** Exercise directions **
All of the listing must be given again exactly, except that the images are dropped.

** Provided material **
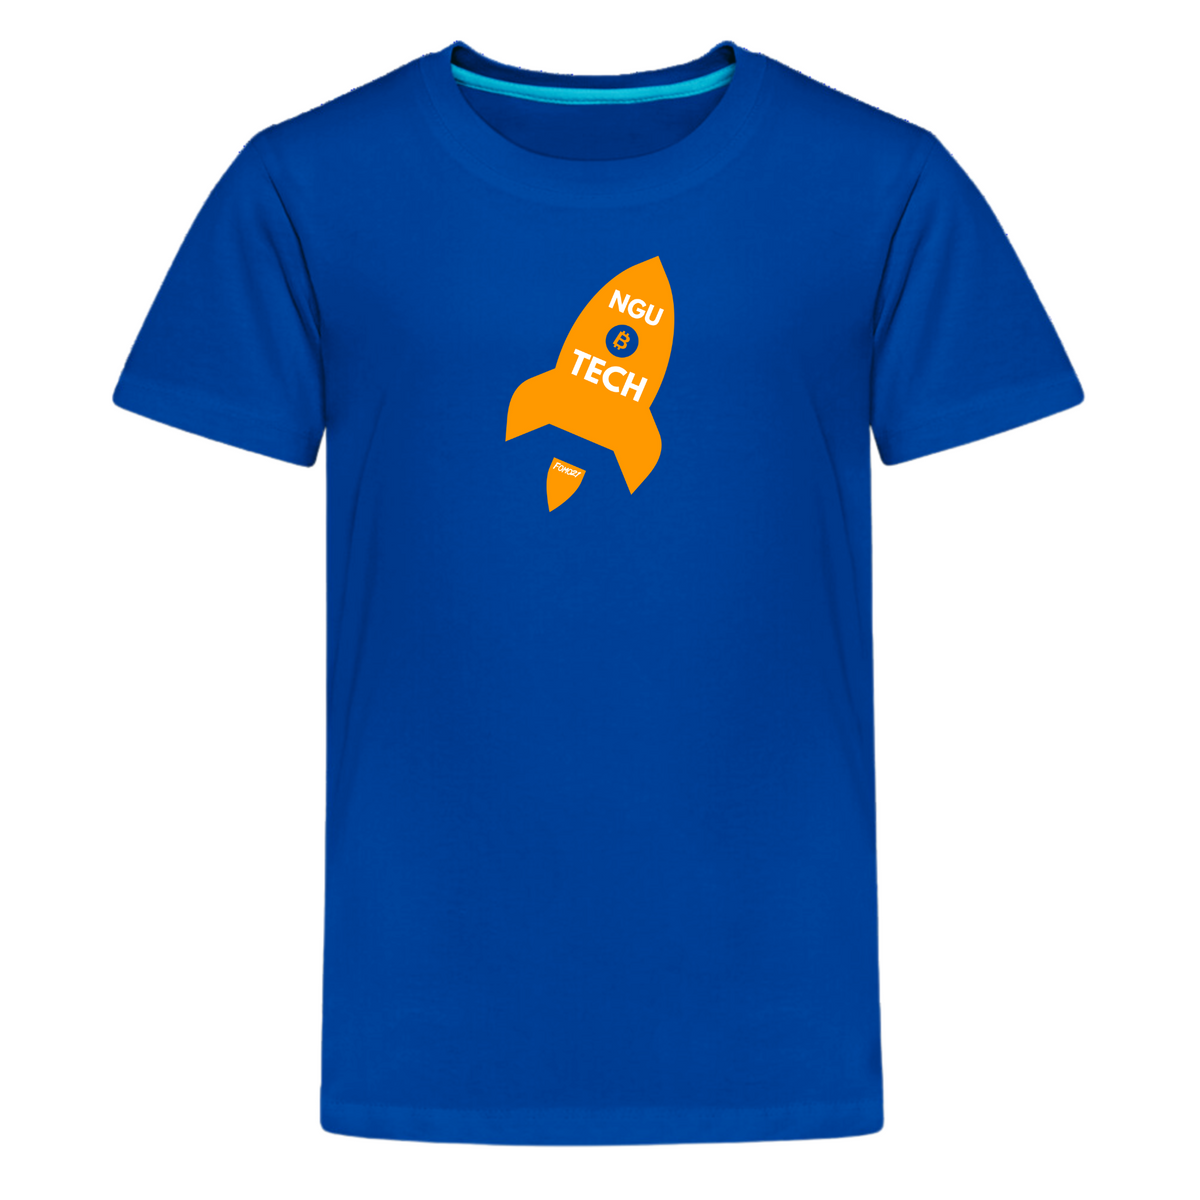 NGU Tech Bitcoin Youth T-Shirt - fomo21
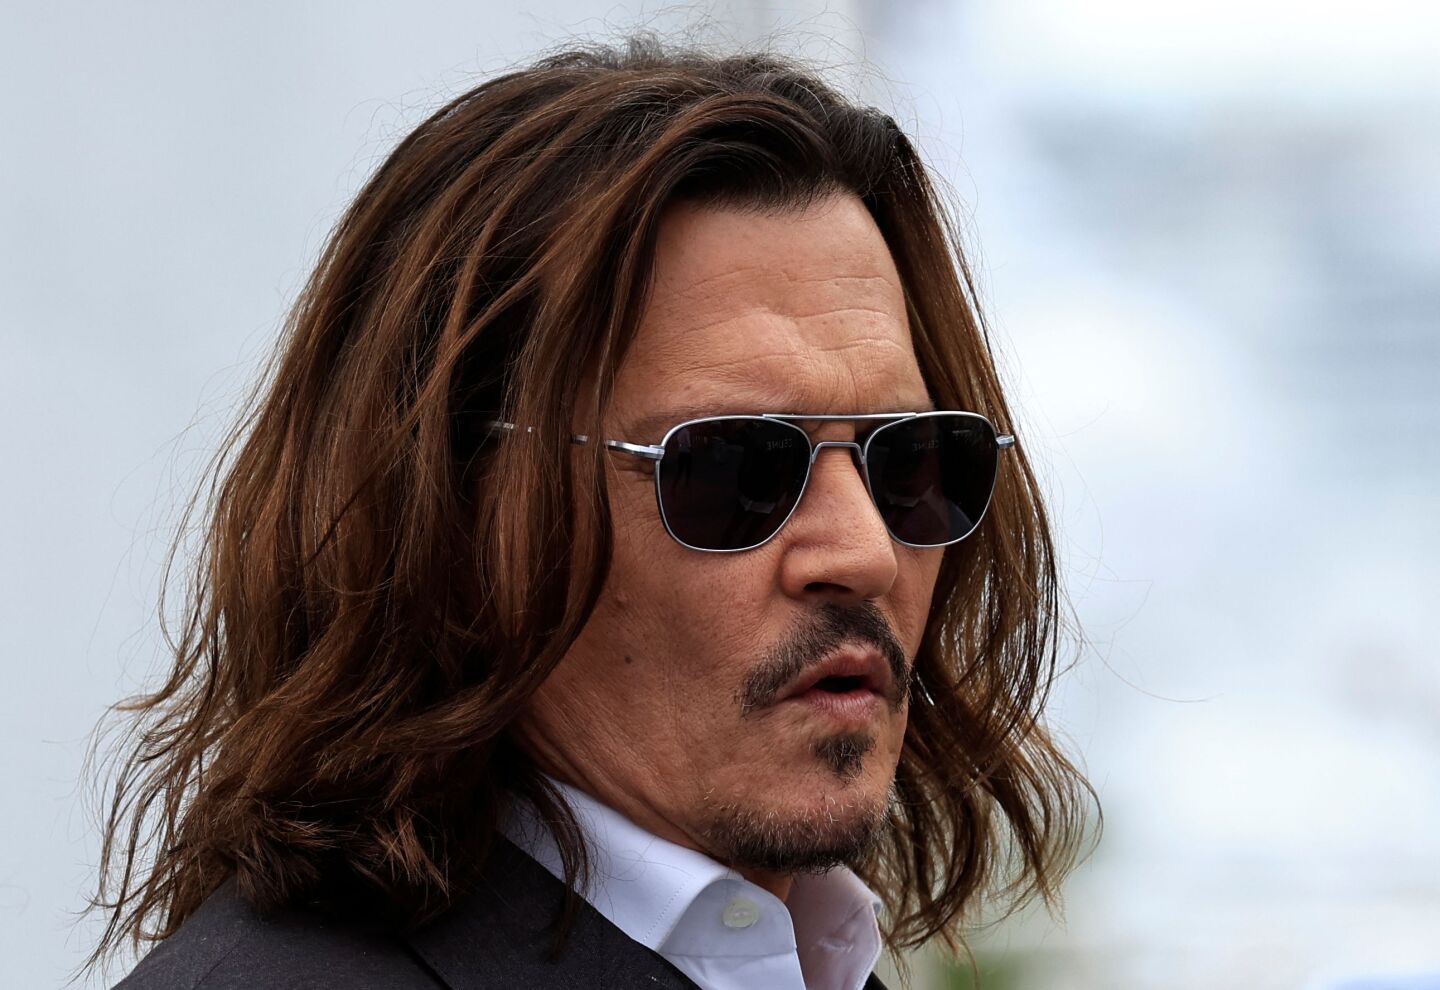 Johnny Depp responde a los intentos de boicot: “No pienso en Hollywood”
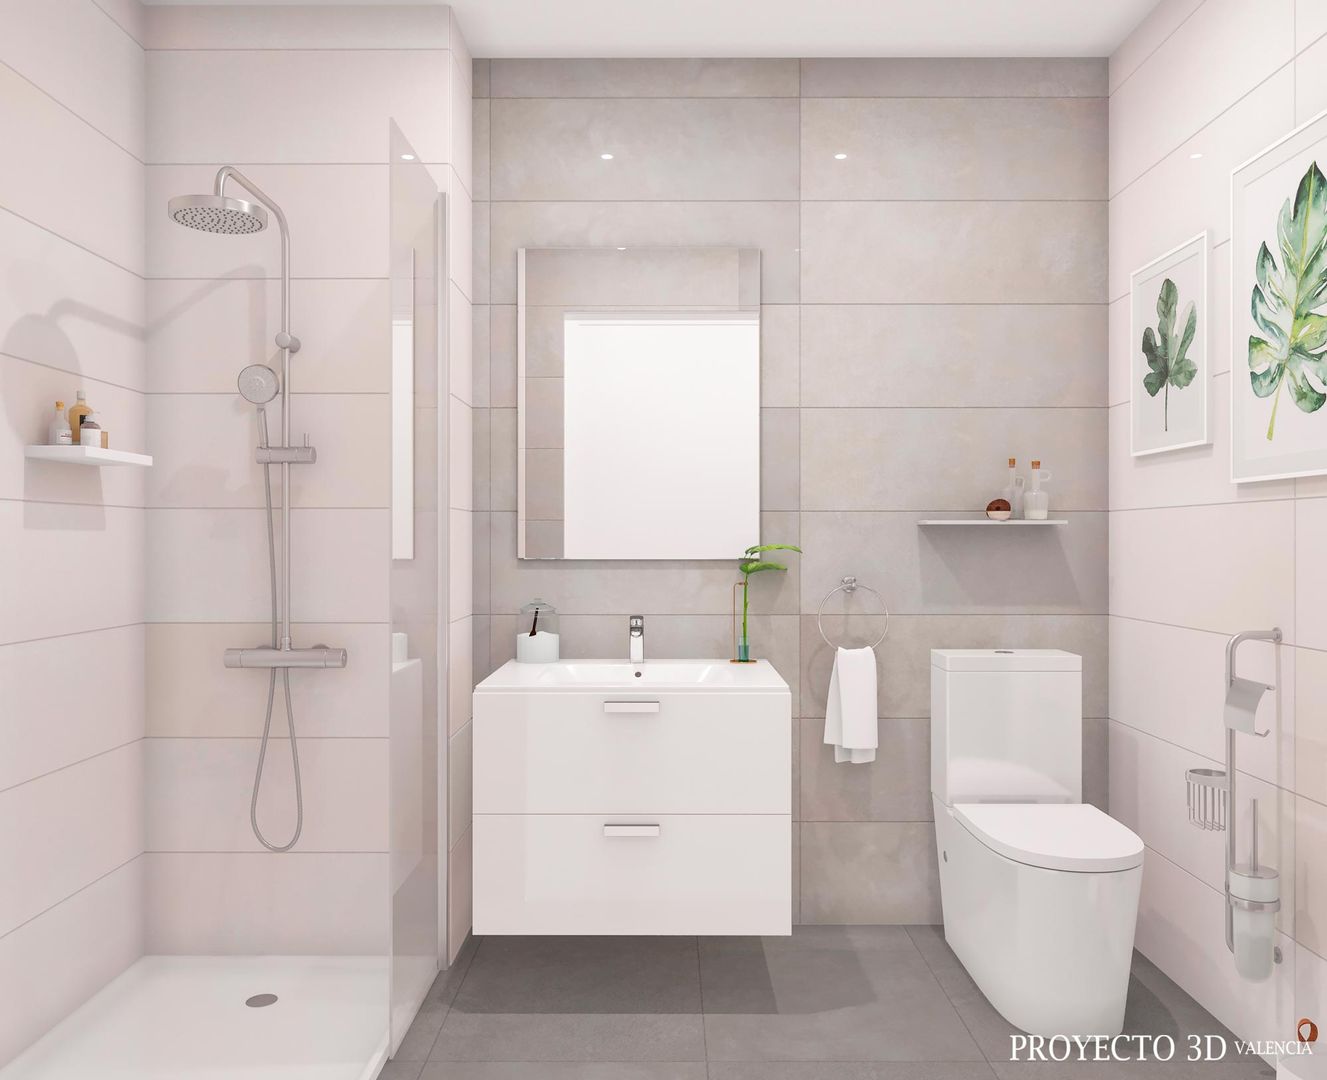 Renders para promoción de viviendas de obra nueva, Proyecto 3D Valencia Renders Animaciones 3D Infografias Online Proyecto 3D Valencia Renders Animaciones 3D Infografias Online Modern style bathrooms Toilets

** Answer area **
 NGU Tech Bitcoin Youth T-Shirt - fomo21
 Johnny Depp responde a los intentos de boicot: “No pienso en Hollywood”
 Renders para promoción de viviendas de obra nueva, Proyecto 3D Valencia Renders Animaciones 3D Infografias Online Proyecto 3D Valencia Renders Animaciones 3D Infografias Online Modern style bathrooms Toilets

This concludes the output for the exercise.